START RECORDED DATA

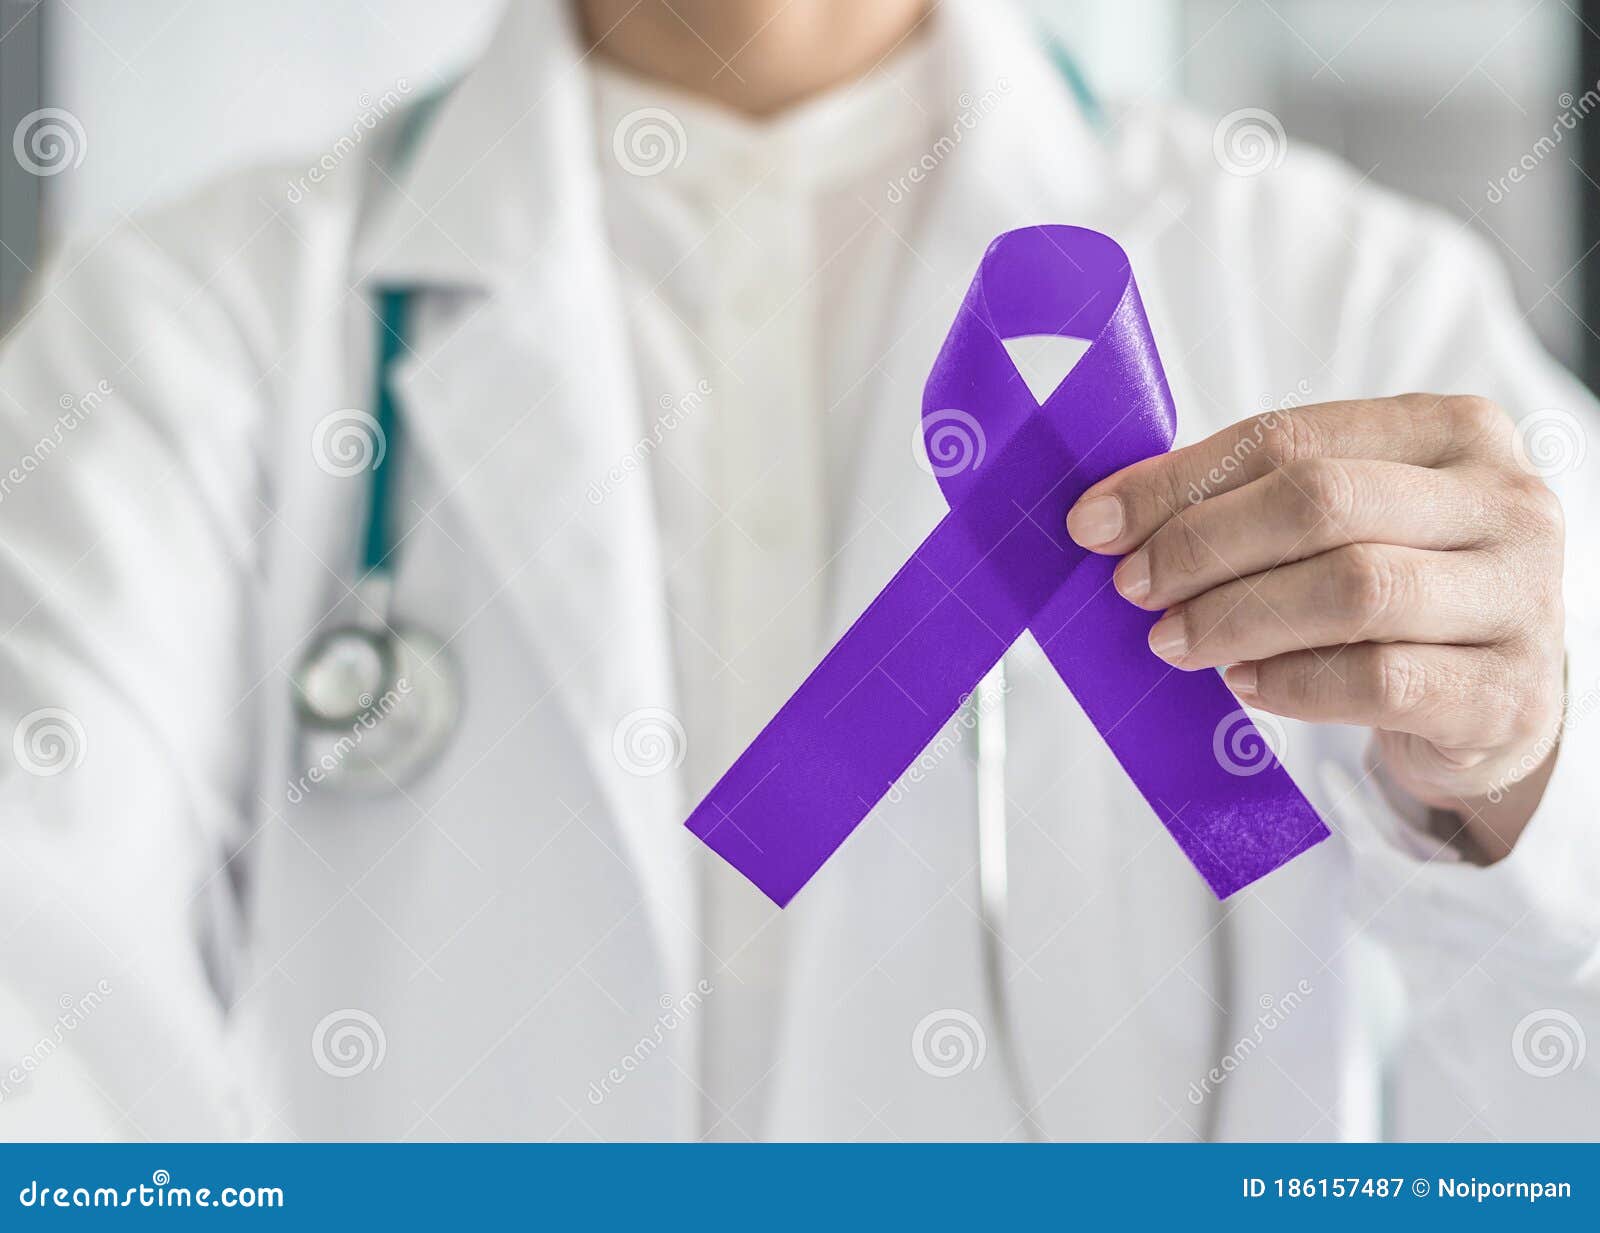 hodgkin`s lymphoma and testicular cancer awareness violet ribbon ic bow color on doctorÃ¢â¬â¢s hand support
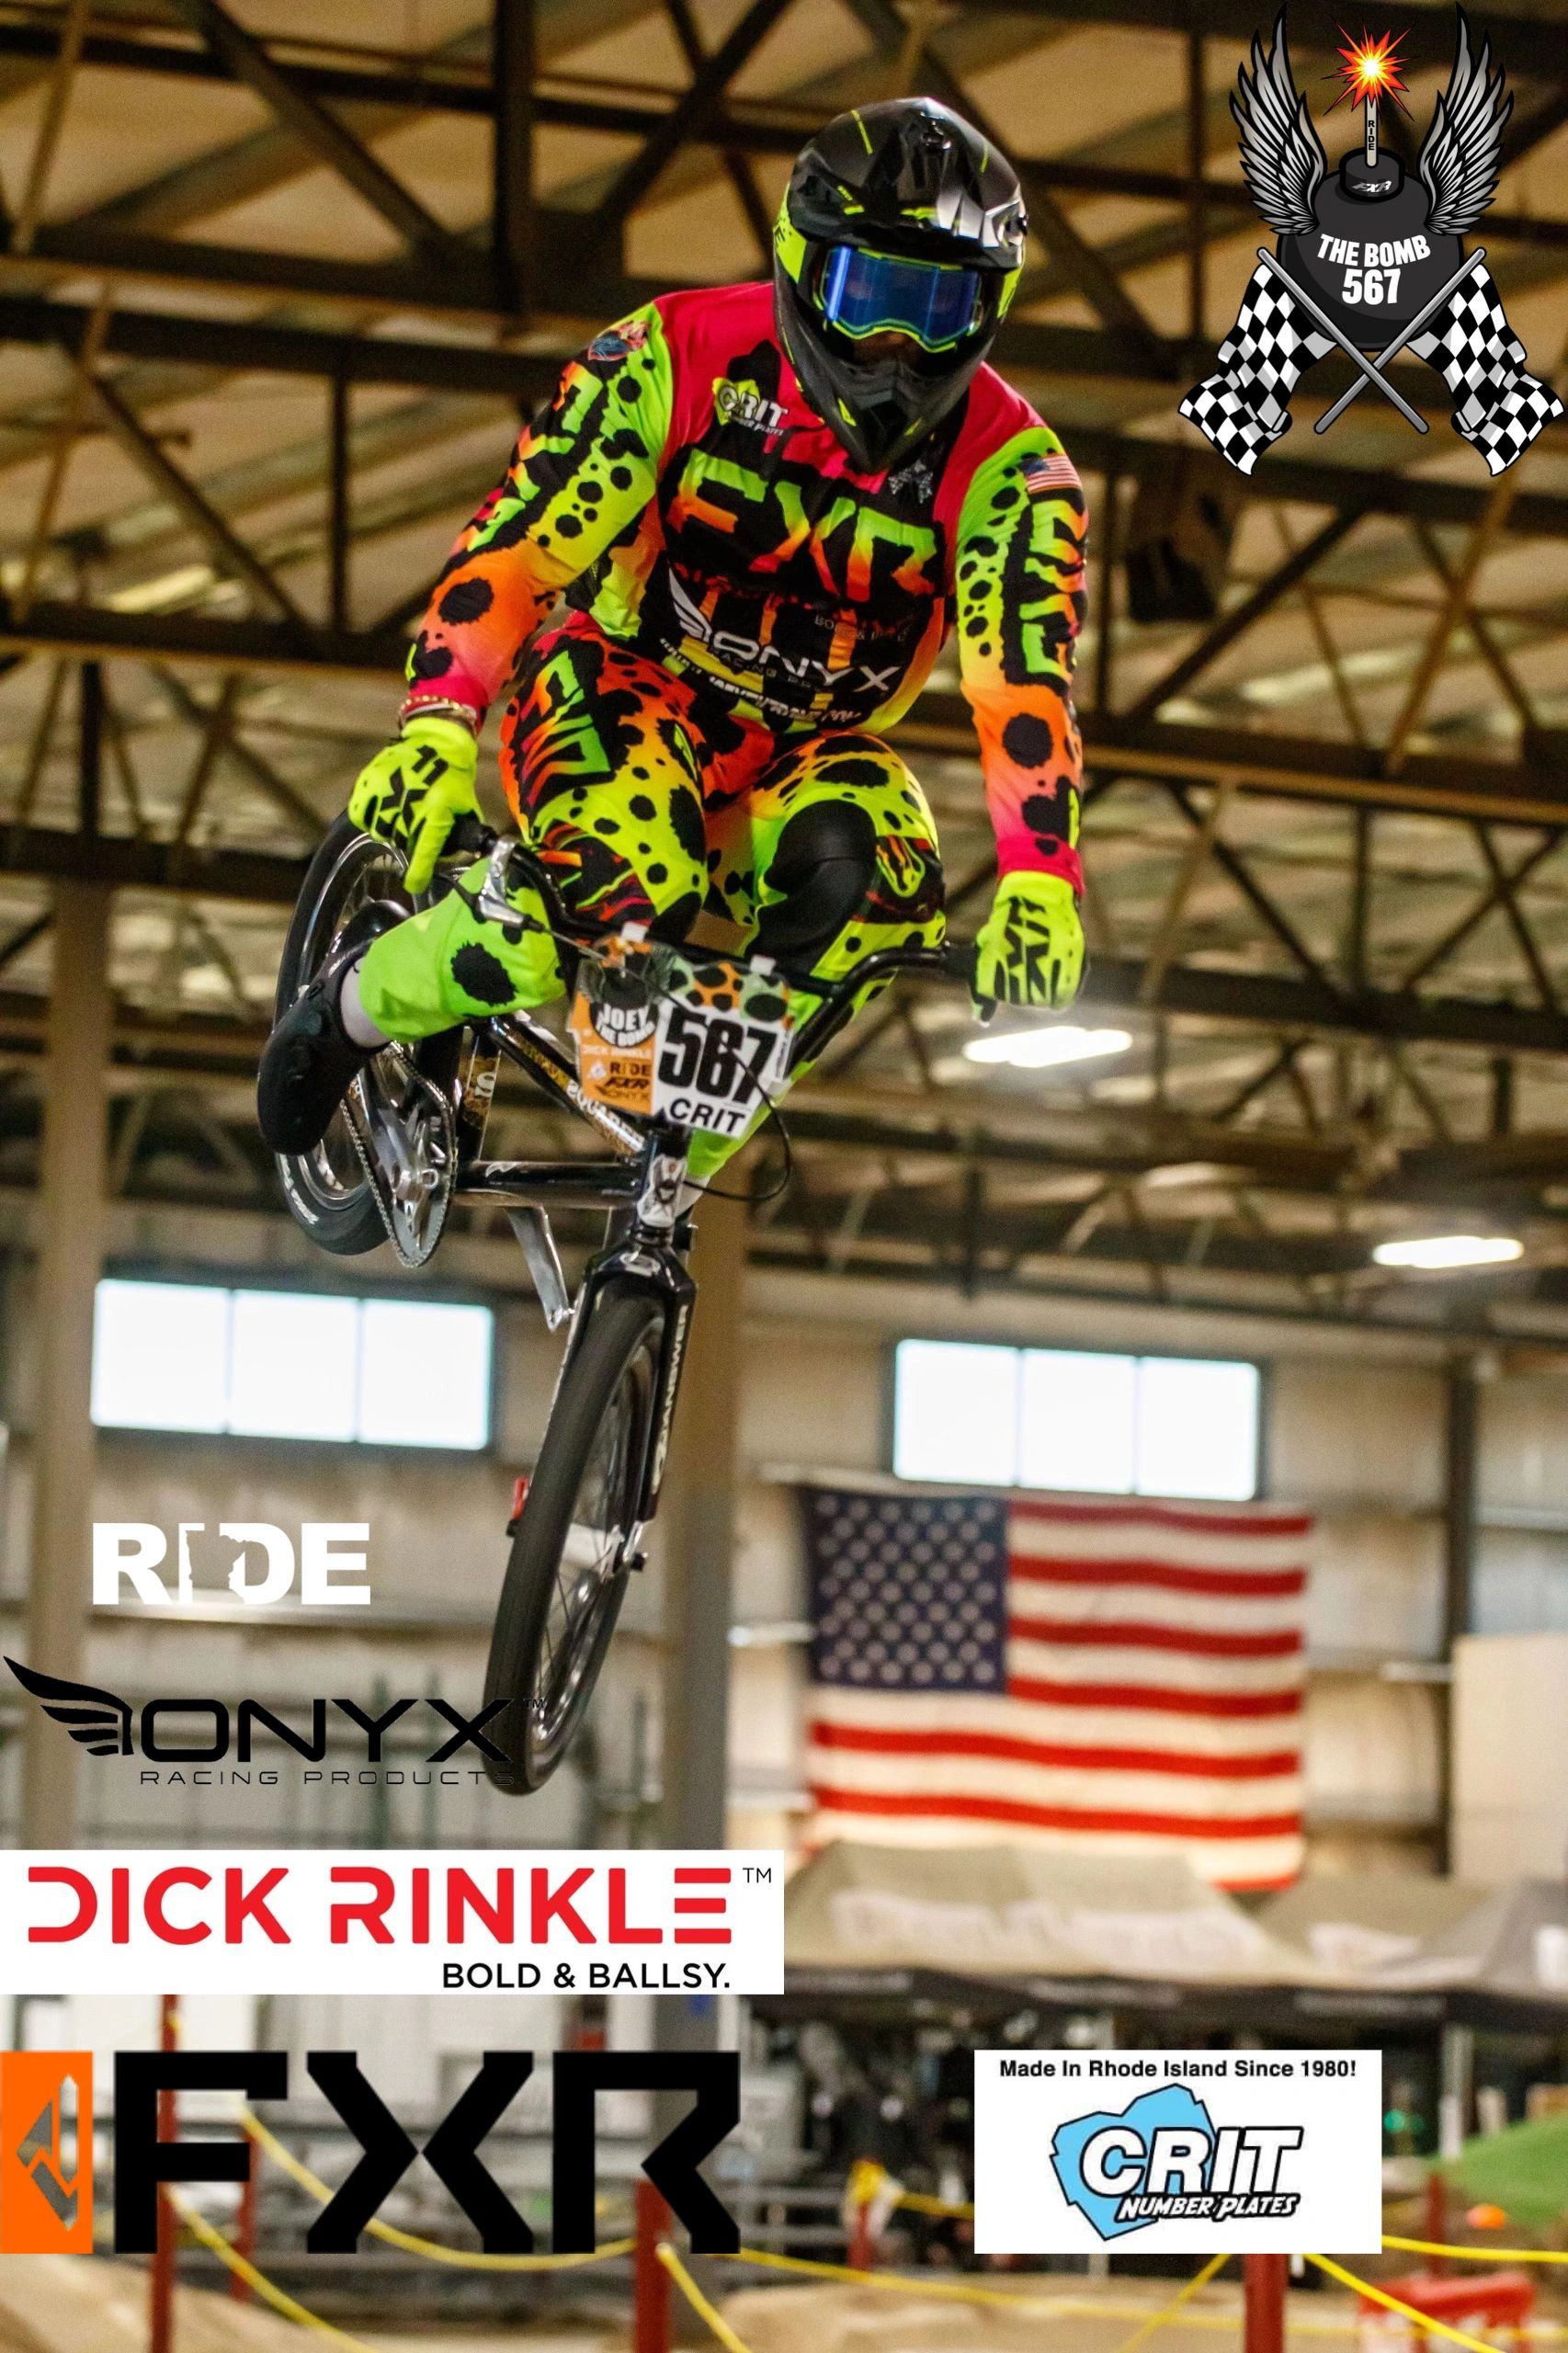 Joey the bomb displaying new fxr gear for the USA BMX national pro series. 
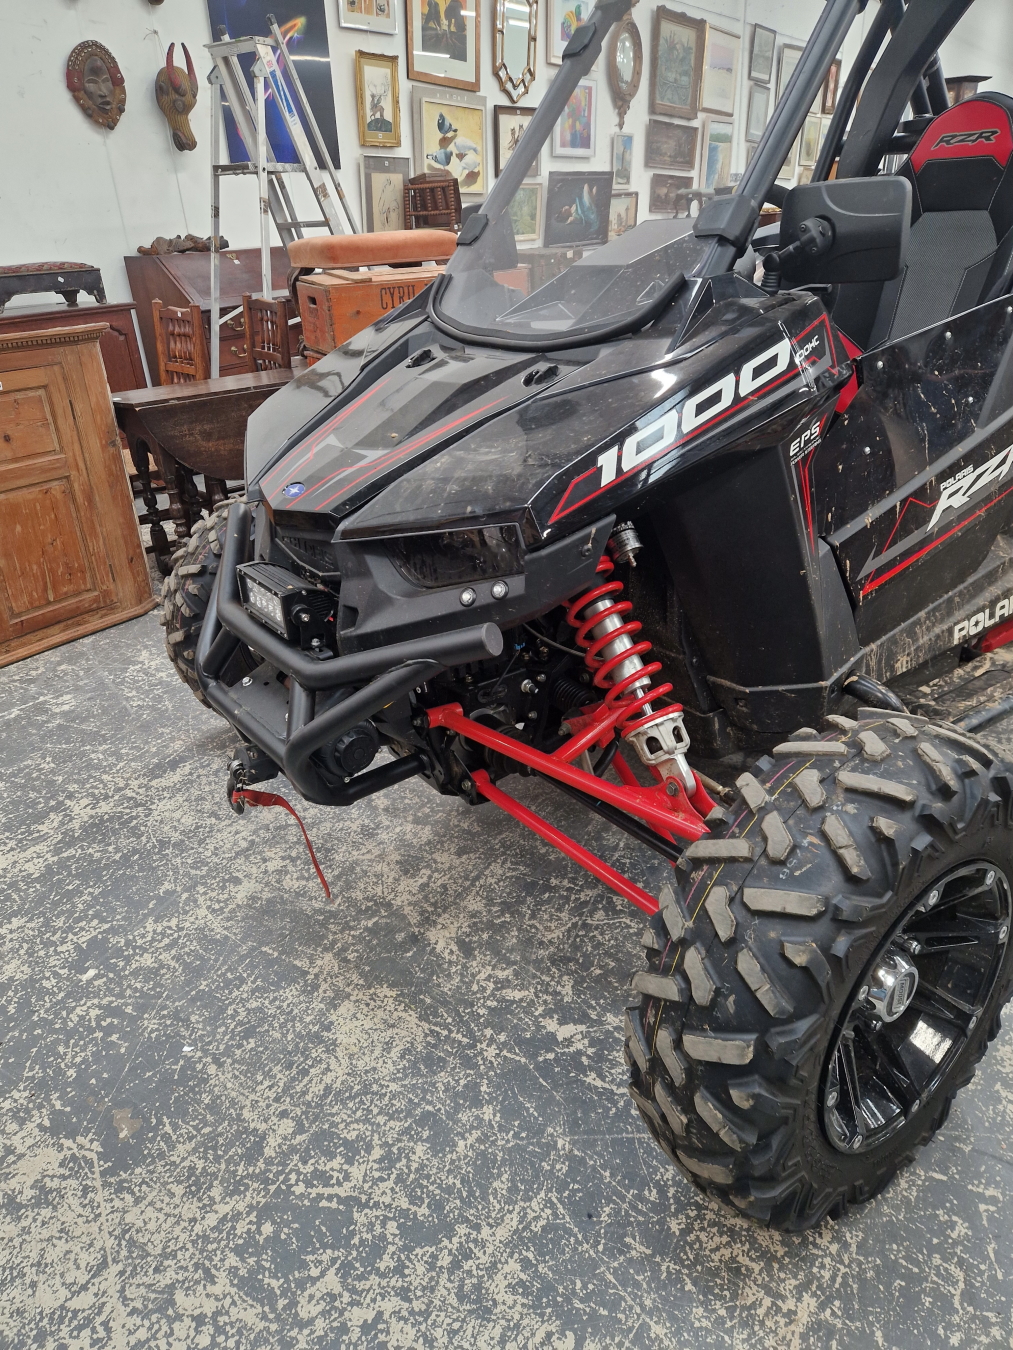 POLARIS RZR RSI 1000 ON /OFF ROAD BUGGY. 2020. FULLY ROAD LEGAL AND IN EXCELLENT CONDITION. WITH - Image 3 of 13
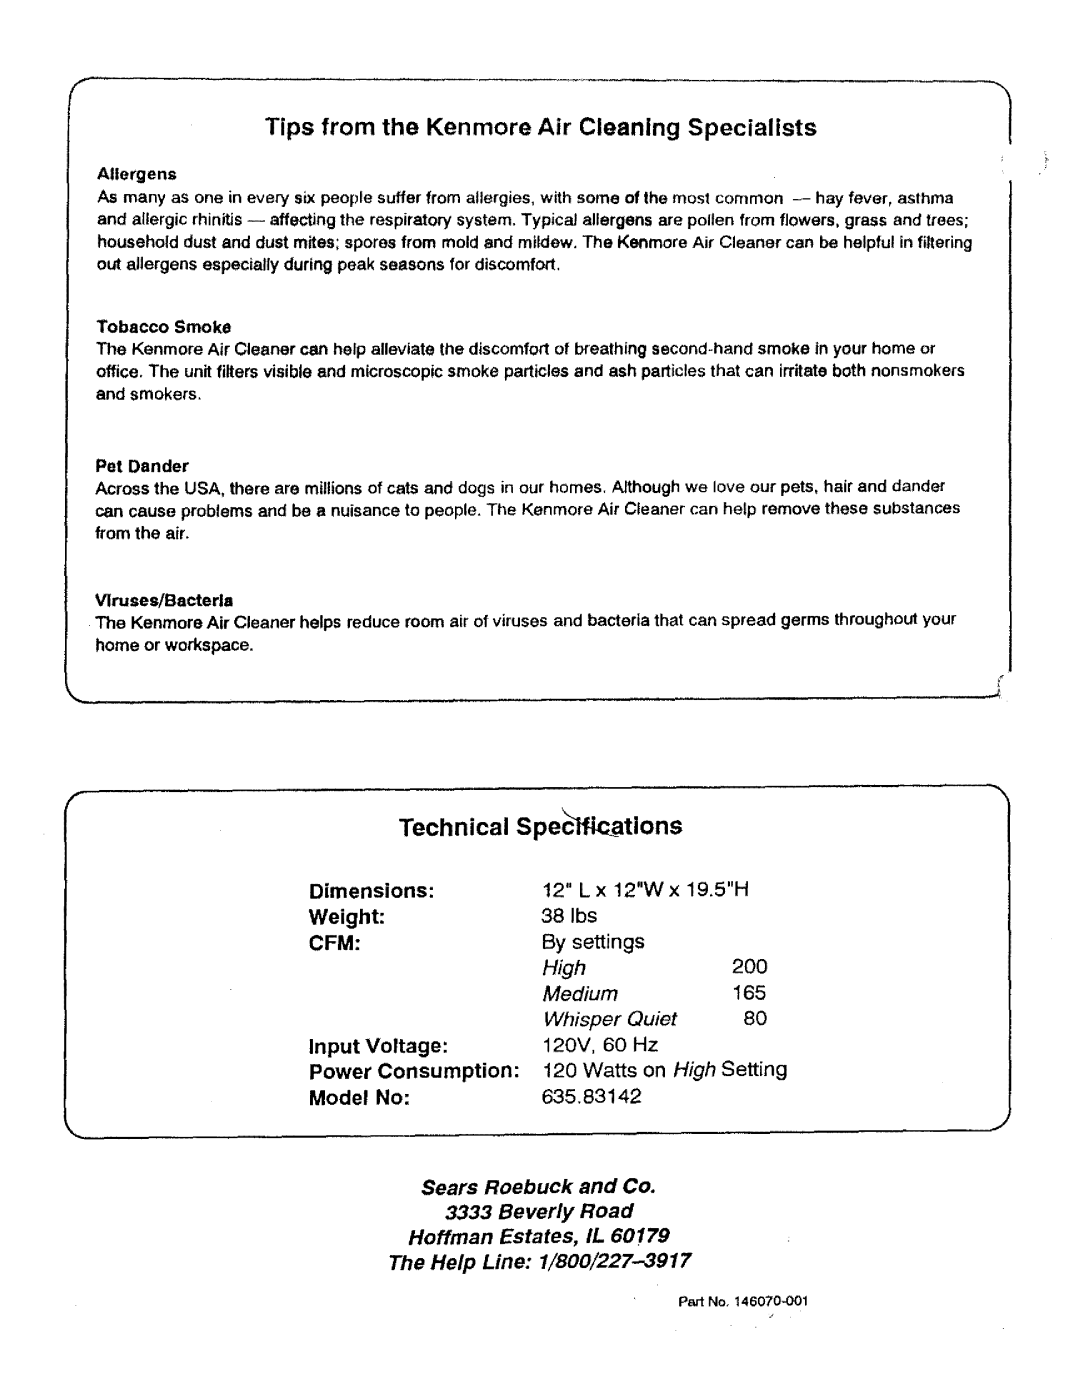 Sears 635.83142 Tips from the Kenmore Air Cleaning Specialists, Technical, Speclfications, Dimensions, Weight, Ibs, Input

END RECORDED DATA

- [ABOUT THIS EXERCISE]
What you produce should repeat the data word for word while omitting all images.

- [THE ANSWER]
 hodgkin`s lymphoma and testicular cancer awareness violet ribbon ic bow color on doctorÃ¢â¬â¢s hand support
 Joey the bomb displaying new fxr gear for the USA BMX national pro series. 
 POLARIS RZR RSI 1000 ON /OFF ROAD BUGGY. 2020. FULLY ROAD LEGAL AND IN EXCELLENT CONDITION. WITH - Image 3 of 13
 Sears 635.83142 Tips from the Kenmore Air Cleaning Specialists, Technical, Speclfications, Dimensions, Weight, Ibs, Input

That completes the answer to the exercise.